Governmental Regulation and Environmental Matters
We are subject to extensive and varied federal, state and local government regulation, including regulations relating to public and occupational health and safety, sanitation and fire prevention. We operate each of our restaurants in accordance with standards and procedures designed to comply with applicable codes and regulations. However, an inability to obtain or retain health department or other licenses could adversely affect our operations. Although we have not experienced, and do not anticipate, any significant difficulties, delays or failures in obtaining required licenses, permits or approvals, any such problem could delay or prevent the opening of, or adversely impact the viability of, a particular restaurant or group of restaurants.
In addition, in order to develop and construct restaurants, we need to comply with applicable zoning, land use and environmental regulations. Federal and state environmental regulations have not had a material effect on our operations to date, but more stringent and varied requirements of local governmental bodies with respect to zoning, land use and environmental factors could delay or even prevent construction and increase development costs for new restaurants. We are also required to comply with the accessibility standards mandated by the U.S. Americans with Disabilities Act (“ADA”), which generally prohibits discrimination in accommodation or employment based on disability. We may in the future have to modify restaurants, for example by adding access ramps or redesigning certain architectural fixtures, to provide service to or make reasonable accommodations for disabled persons. While these expenses could be material, our current expectation is that any such actions will not require us to expend substantial funds.
In addition, we are subject to the U.S. Fair Labor Standards Act, the U.S. Immigration Reform and Control Act of 1986, the Occupational Safety and Health Act and various other federal and state laws governing similar matters including minimum wages, overtime, workplace safety and other working conditions. Our failure to fully comply with these laws could subject us to potential litigation and liability. We are also subject to various laws and regulations relating to our current and any future franchise operations.
We are also subject to the Patient Protection and Affordable Care Act of 2010 (the “PPACA”), which requires health care coverage for many previously uninsured individuals and expands coverage for those already insured. We began offering such benefits in July 2015, and as a consequence we are incurring additional expenses for employee health care. It is possible that legislation will be passed by Congress and signed into law that repeals the PPACA, in whole or in part, and/or introduces a new form of health care reform.

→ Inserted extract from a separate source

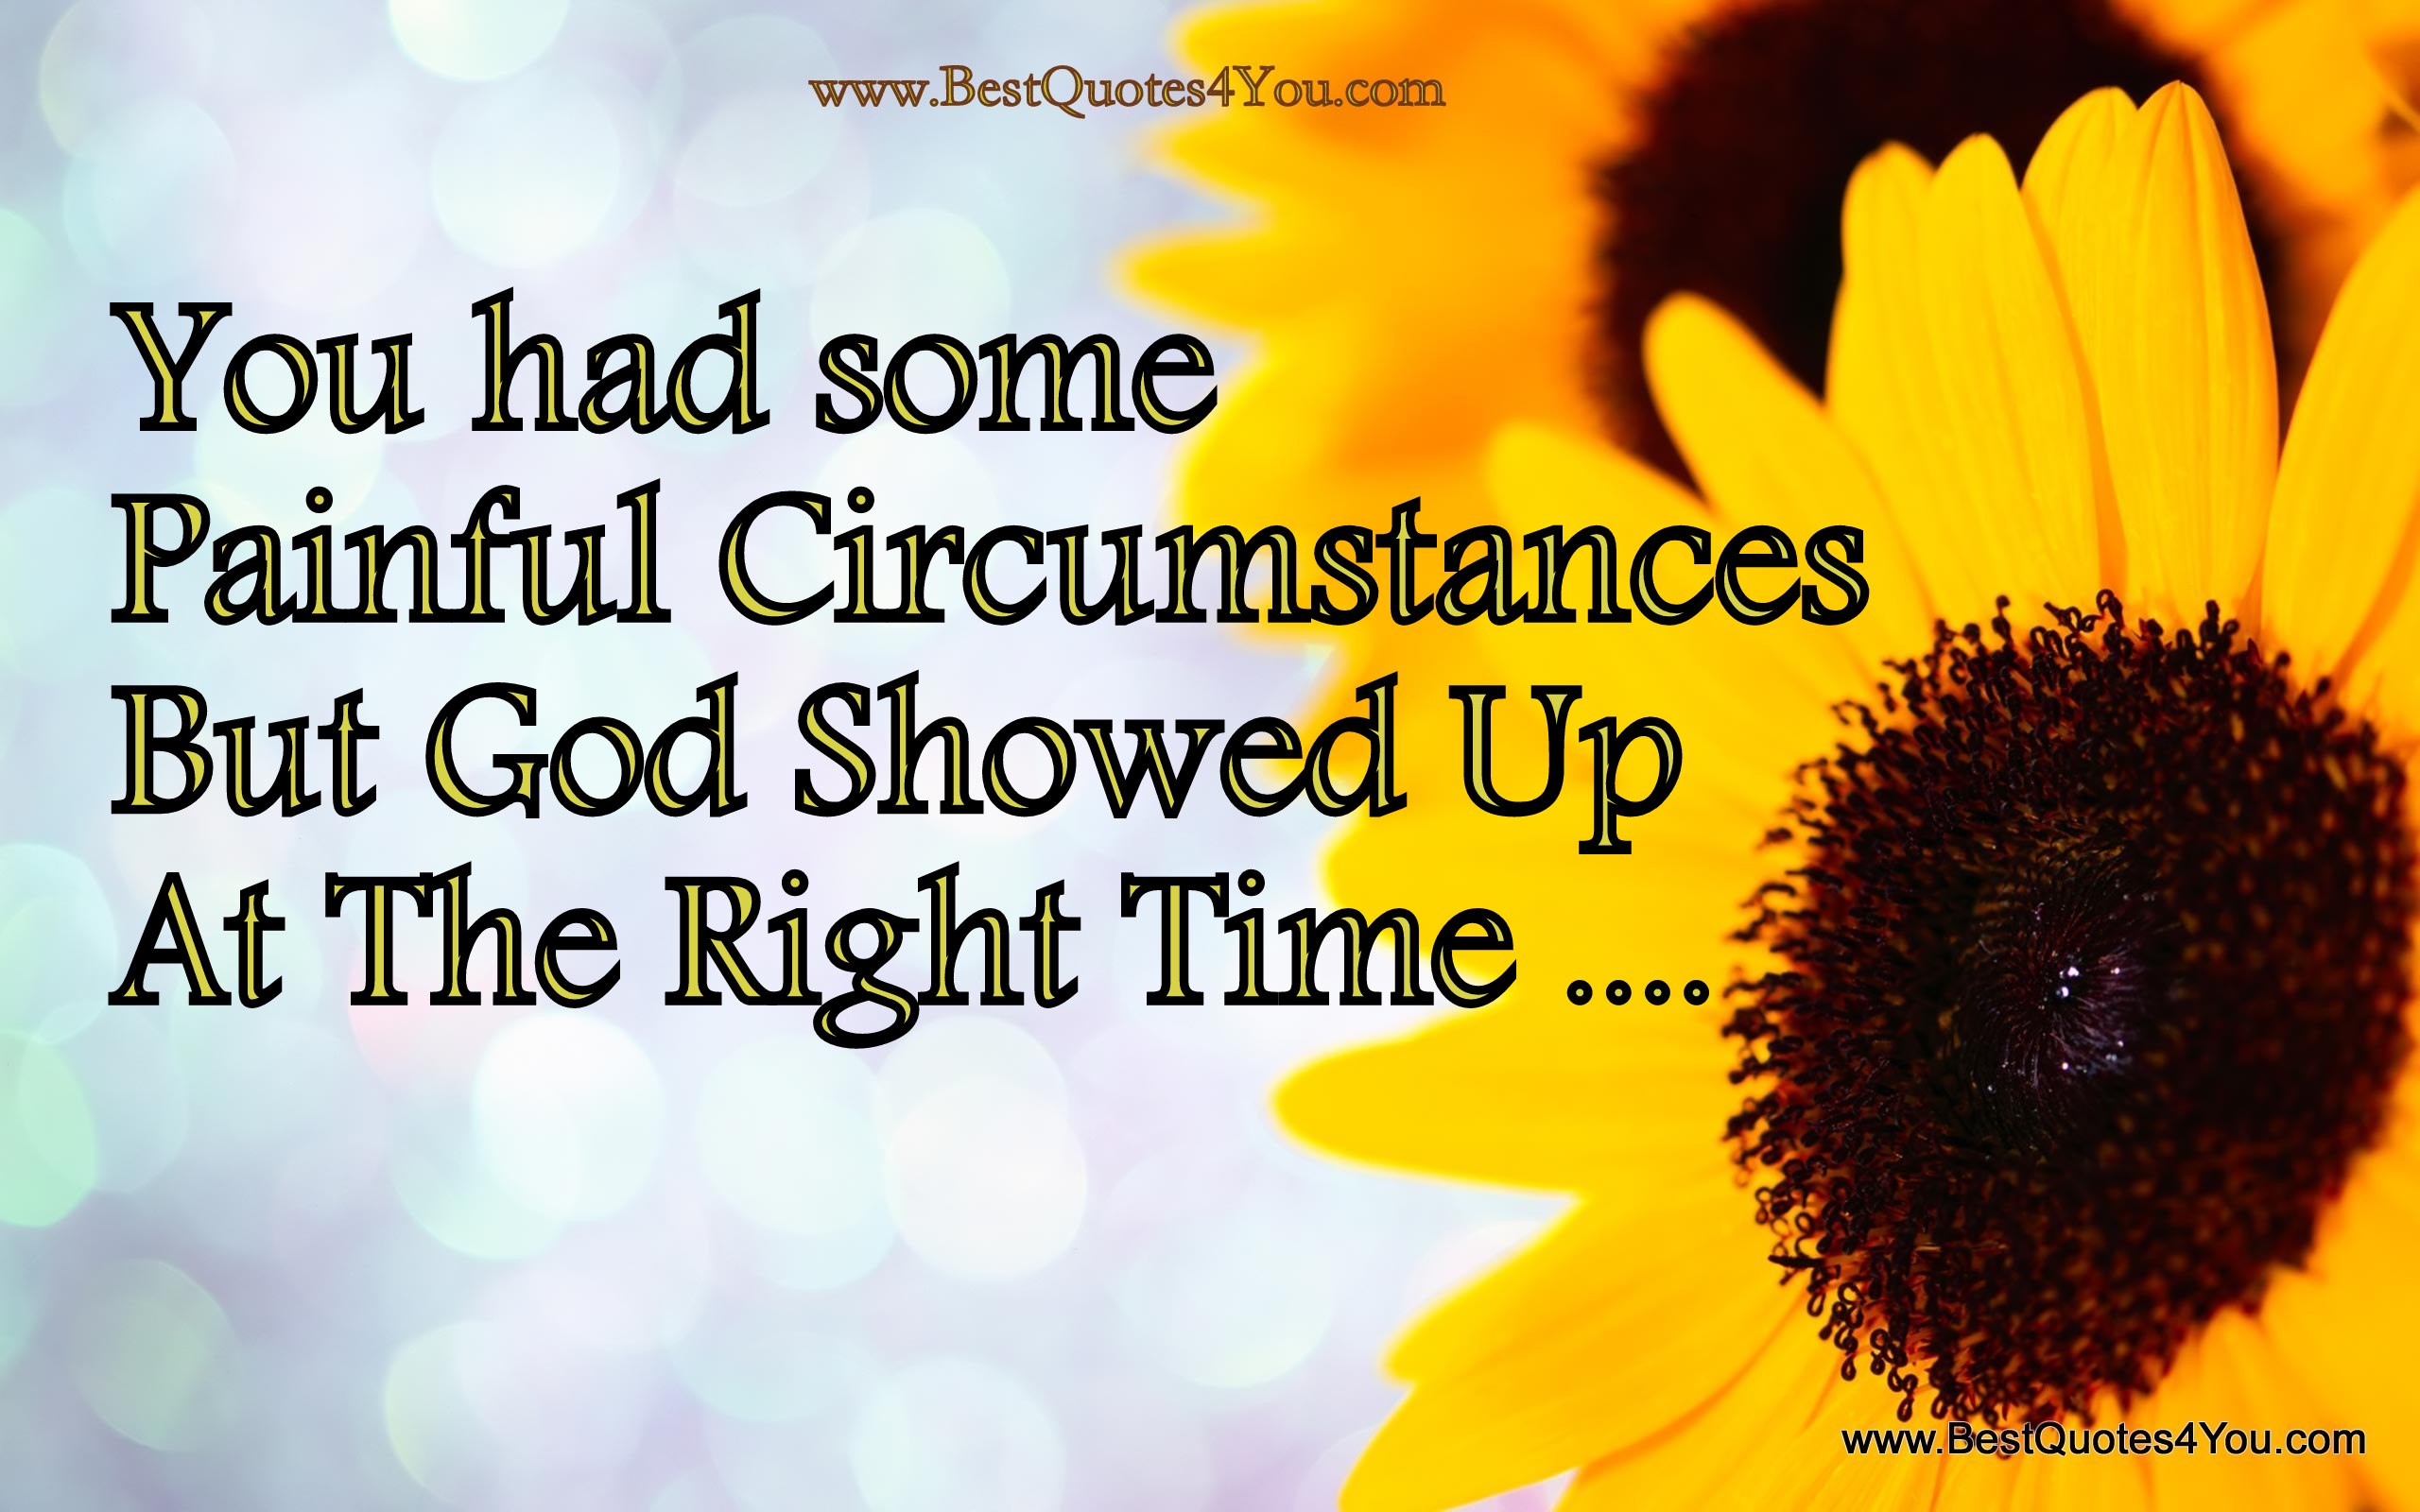 You had some painful circumstances. But god showed up at the right time.

It is unclear at this point what the scope of any such legislation will be and when it will become effective. Because of the uncertainty surrounding possible replacement health care reform legislation, we cannot predict with any certainty the likely impact of the PPACA’s repeal or the adoption of any other health care reform legislation on our business, financial condition or results of operations. Whether or not there is alternative health care legislation enacted in the U.S., there is likely to be significant disruption to the health care market in the coming months and years and the costs of the Company’s health care expenditures may increase.
We are subject to federal, state and local environmental laws and regulations concerning waste disposal, pollution, protection of the environment, and the presence, discharge, storage, handling, release and disposal of, or exposure to, hazardous or toxic substances (“environmental laws”). These environmental laws can provide for significant fines and penalties for non-compliance and liabilities for remediation, sometimes without regard to whether the owner or operator of the property knew of, or was responsible for, the release or presence of the hazardous or toxic substances. Third parties may also make claims against owners or operators of properties for personal injuries and property damage associated with releases of, or actual or alleged exposure to, such substances. We are not aware of any environmental laws that will materially affect our earnings or competitive position, or result in material capital expenditures relating to our restaurants. However, we cannot predict what environmental laws will be enacted in the future, how existing or future environmental laws will be administered, interpreted or enforced, or the amount of future expenditures that we may need to make to comply with, or to satisfy claims relating to, environmental laws. It is possible that we will become subject to environmental liabilities at our properties, and any such liabilities could materially affect our business, financial condition or results of operations.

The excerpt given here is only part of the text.